Chasing fake accounts on social networks is an high-tech game of cat and mouse game, and as soon as one troll is down, another one pops up. But Facebook has revealed that it has a new trick up its sleeve to better identify spammers – an improved weapon-of-choice that attackers won’t be able to dodge as easily as before, according to the social media giant.
Facebook’s engineers have developed a more efficient machine-learning tool, which has already helped take down 6.6 billion fake accounts in the last year. And that number doesn’t even include the additional “millions” of “attempts” to create fake accounts that are blocked daily, according to Bochra Gharbaoui, data science manager at Facebook.
The reason for the platform’s recent success in the war against spammers and scammers is a technology called Deep Entity Classification (DEP). The name reflects the complexity of the tool, which leverages machine learning to analyse not only the accounts that are active on Facebook, but also each individual profile’s behaviour and interaction with the rest of the community.
Facebook’s engineers refer to the “deep features” of each account, which are the behavioral patterns of profiles, rather than the direct characteristics of an account. In other words, instead of only registering details like the creation date of an account or the number of friend requests it has sent, DEP also looks at all of the properties of the profiles, groups or pages that a particular user has made contact with.
DEP doesn’t only register which groups a particular individual has joined; but also the number of admins in the group, it’s members, or the time since the group was created. The tool won’t only look at the number of friend requests sent by one profile, but also the number of requests sent by the accounts that this profile has befriended.
After extracting these “deep features”, the algorithm can aggregate them to find out things like the mean number of users in all the groups that one profile has joined, or the maximum number of groups that a given profile’s friends are part of.
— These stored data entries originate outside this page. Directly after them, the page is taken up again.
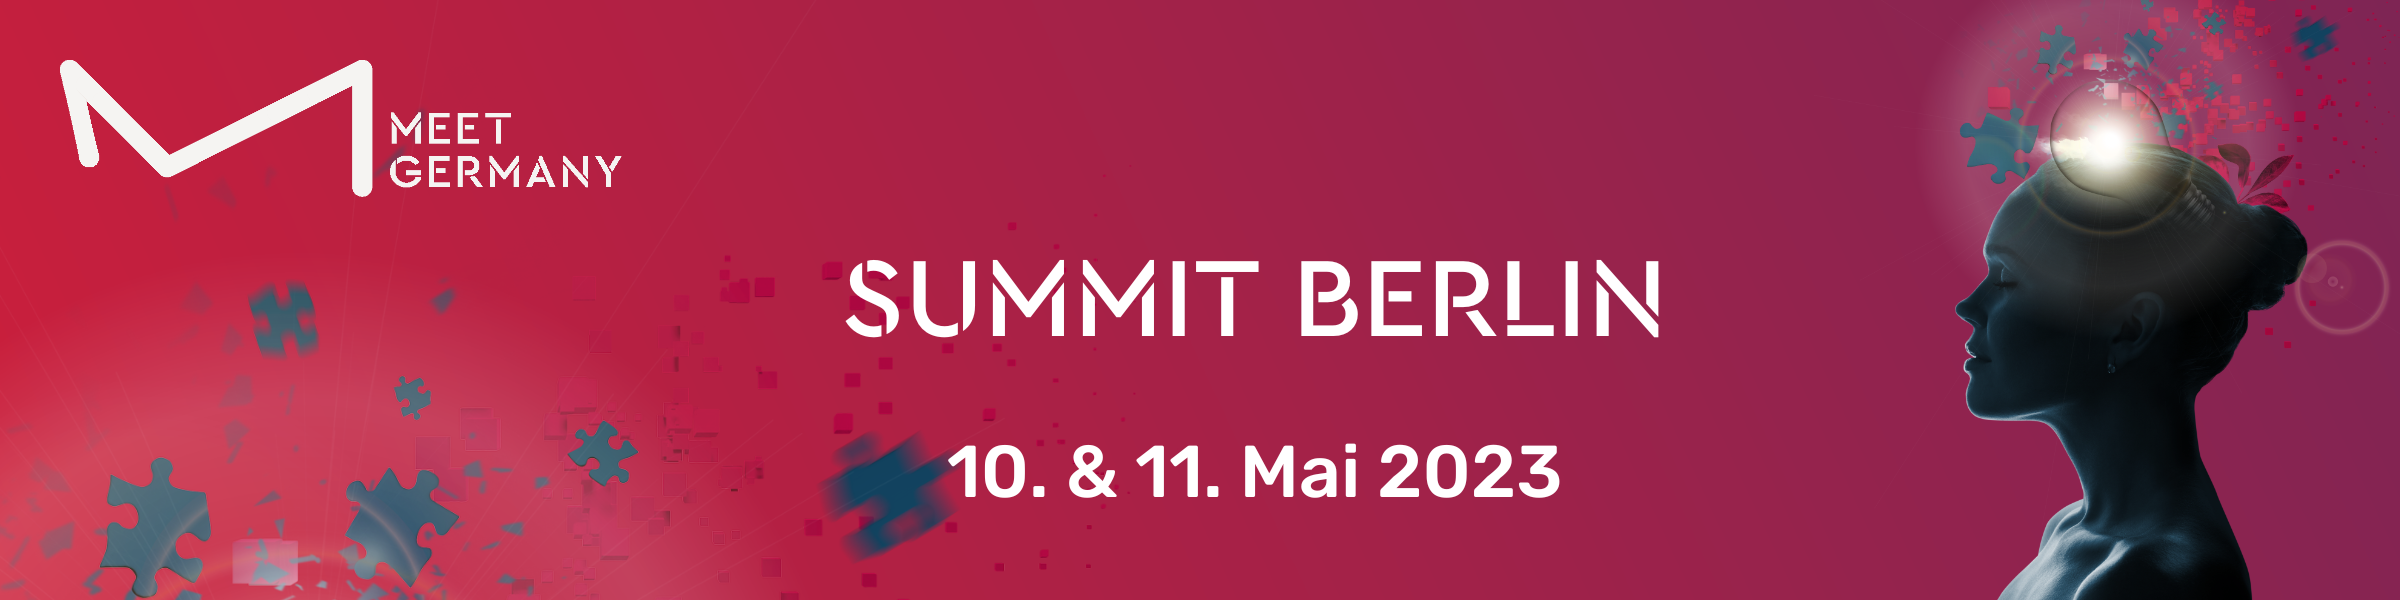 Header-Bild für MEET GERMANY SUMMIT Berlin 2023
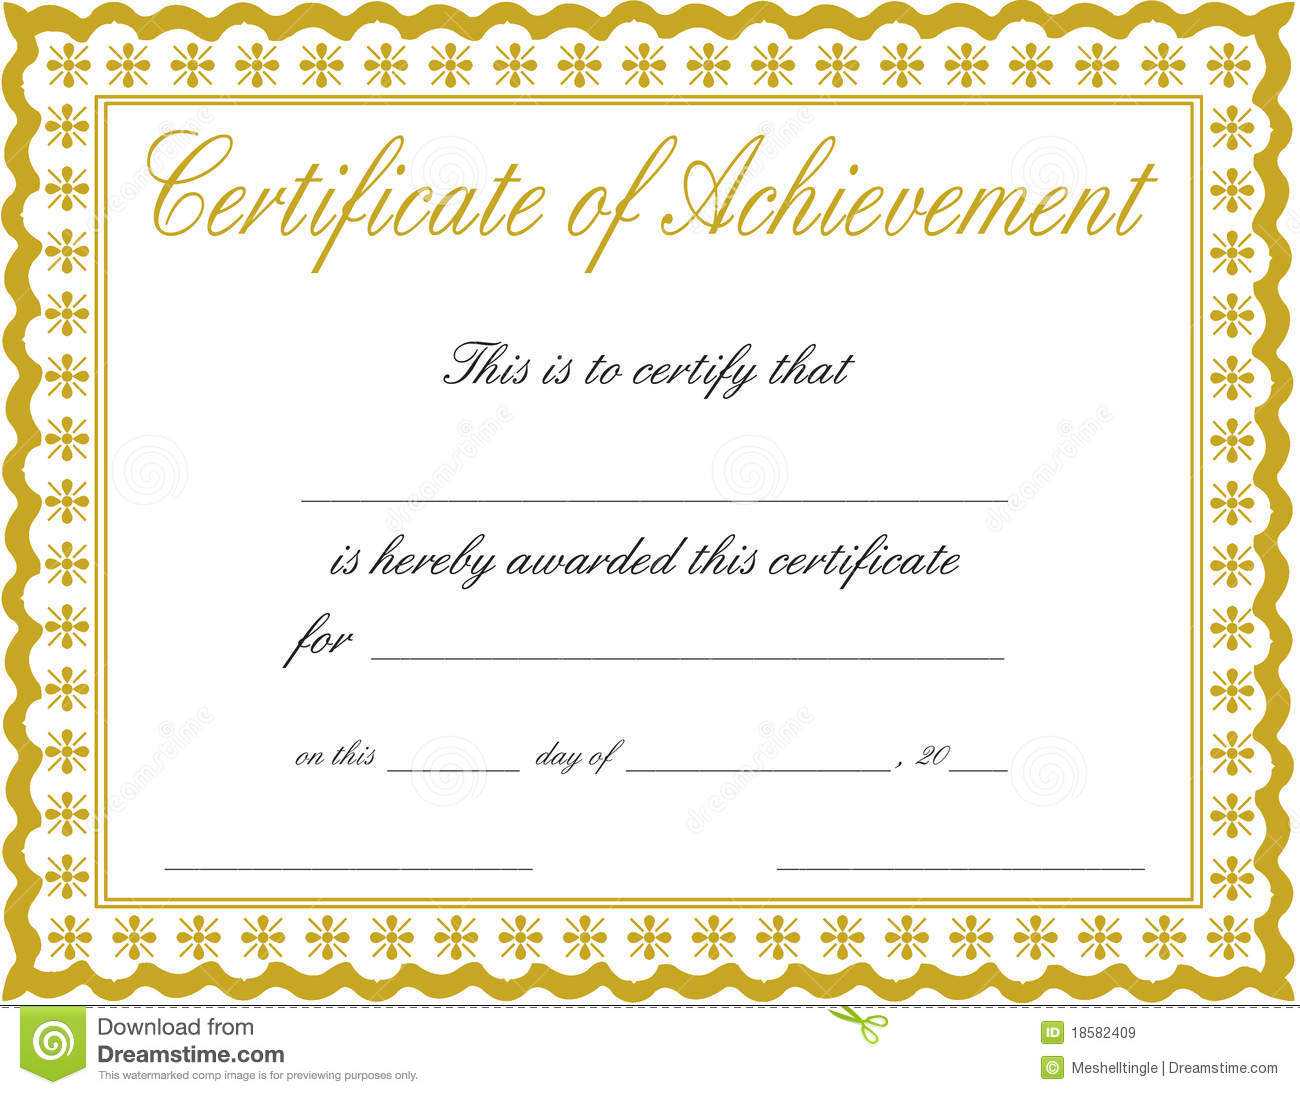 Docx Achievement Certificates Templates Free Certificate Of Inside Free Printable Certificate Of Achievement Template
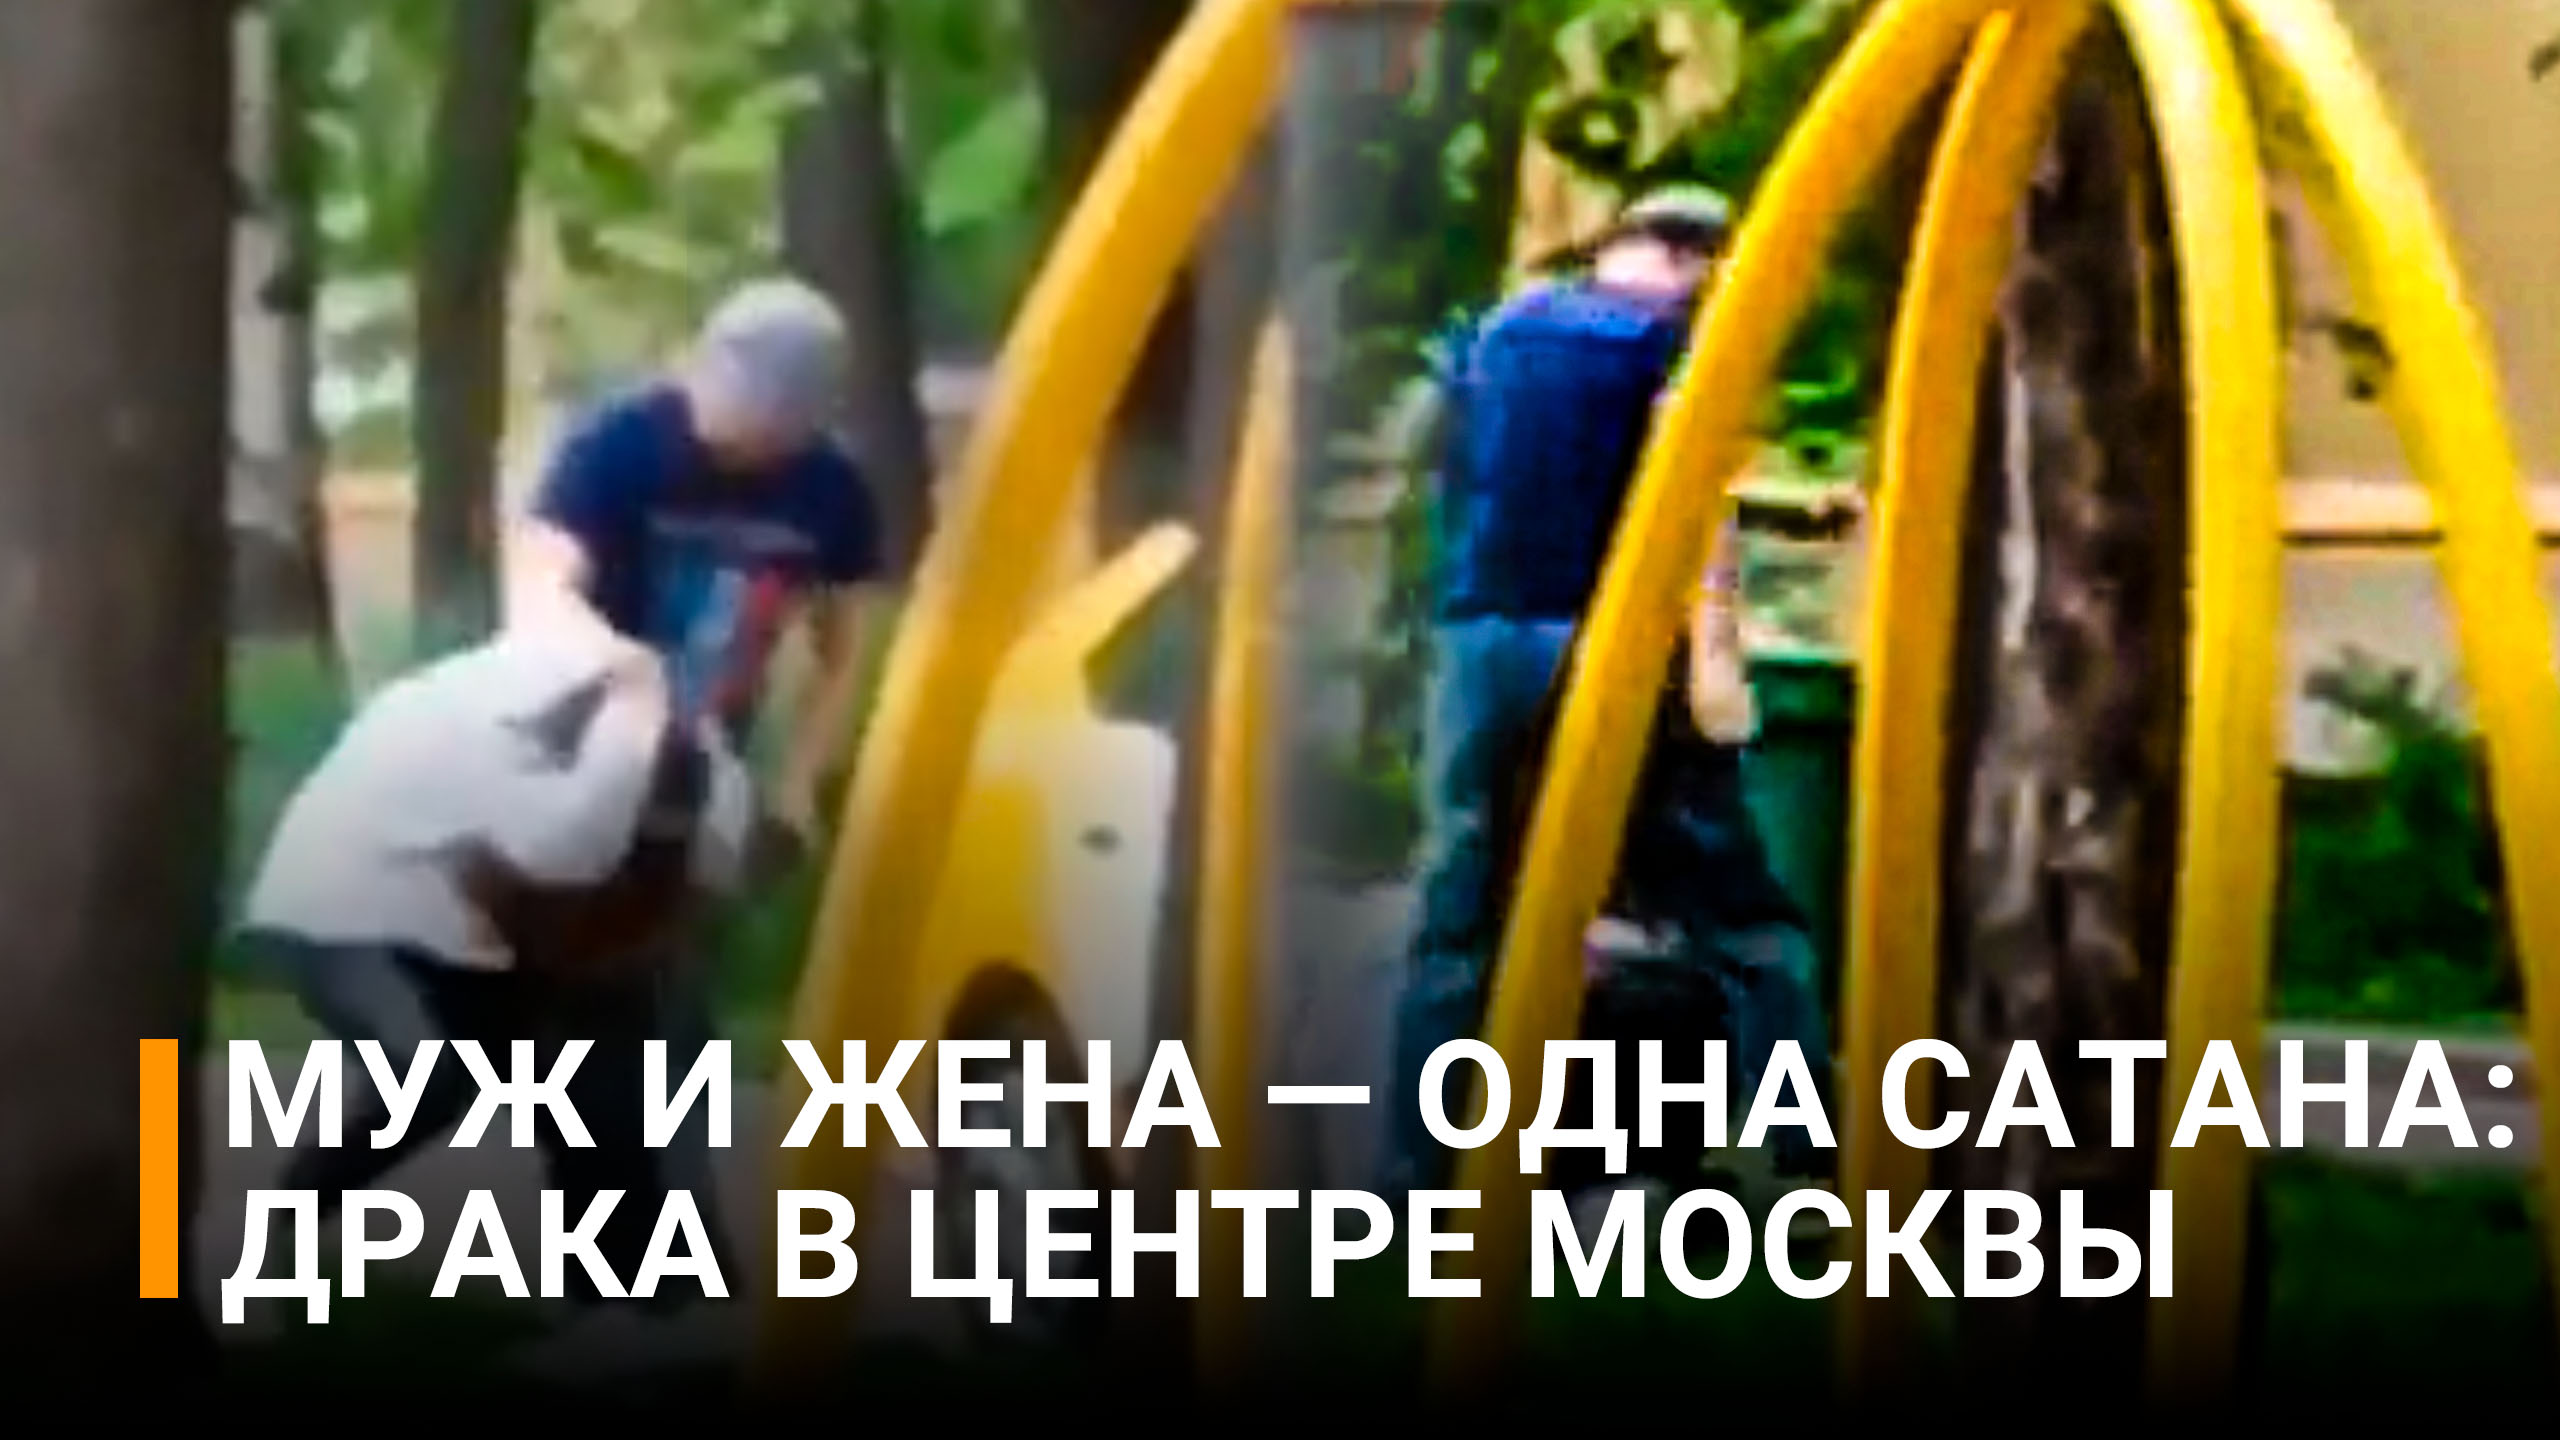 Муж-таксист набросился на жену и начал таскать за волосы / РЕН Новости

DEP can effectively map the complexity of every Facebook profile’s network of friends, groups, pages and so on.
“You end up with tens of thousands of features per account, that reflect the whole model around the account,” said Daniel Bernhardt, engineering manager at Facebook. “So you can see, through a number of signals, if a user is trying to misrepresent their identity. It’s not so much about the content of an account, but about how that account interacts with others on the platform.”
With about 20,000 features gathered for each profile, the main advantage of the new tool is how difficult it is to reverse engineer. Traditional machine-learning methods, said Bernhardt, are too easily tricked by attackers. If an algorithm only looks at a handful of features to determine if an account is fake, spammers can easily work out how to look real – “just like a virus”, explained Bernhardt, that only needs a couple of mutations to get past the body’s defense system.
Most of the tools put forward so far to detect fake users follow the model that Bernhardt wants to avoid. Engineers train algorithms on a limited set of characteristics directly linked to the account, such as “spam commenting”, or “engagement rate”, to detect fake profiles. “The problem is adversarial robustness,” said Bernhardt’s colleague Gharbaoui. “Adversaries can control direct features quite easily, for example by managing the number of friend requests they send out. That’s why you need to look at deep features – the graph and the model around the account.”
Facebook’s team said that DEP has already had promising results. The tool, in the months that it has been deployed on the social network, has taken down billions of fake accounts and reduced the estimated volume of spammers and scammers by 27%. Gharbaoui said that the estimated volume of fake accounts on Facebook is now 5%.
But while the new algorithm might let the social media giant win one battle, Facebook is nowhere near certain to win the war against fake accounts. It is only a matter of time before attackers figure out a way around the improved tool. The platform’s engineers say so themselves: “Adversaries move fast,” said Gharbaoui. “Their adaptation cycle is fierce, and it’s getting more sophisticated.”
And the stakes are getting higher. Only last year, Facebook removed a global network of more than 900 accounts, pages and groups that had used sophisticated methods such as AI-generated profile pictures to spread pro-Trump narratives to 55 million users. Operated by accounts based in Vietnam and in the US, the fake profiles were feeding into a complex network, by administering groups, increasing the membership of these groups, and liking posts on pages.
That was a few months after the social media giant removed 2,600 fake pages, groups and accounts that were engaging in “coordinated inauthentic behavior”. Facebook’s head of cybersecurity policy Nathan Gleicher said at the time: “While we are making progress rooting out this abuse, it’s an ongoing challenge because the people responsible are determined and well-funded. We constantly have to improve to stay ahead.”
Given the unprecedented level of sophistication seen in recent attacks, it is unclear how long Facebook’s new algorithm will withstand the creativity and resilience of attackers motivated by financial gain and other forms of abuse. Bernhardt and Gharbaoui, although enthused by the performance of DEP so far, conceded that the field is still “very strongly attacker-controlled”.
As adversaries change their behaviors, so will Facebook’s new tool need re-training. And even enhancing the algorithm will have to wait until engineers figure out the new tactics adopted by their opponents. “The adversarial nature of this space is new,” said Bernhardt. “It continues to be a big problem, and it’s an on-going evolution. We are still at the beginning.” At the moment, it’s not even certain there will ever be an end.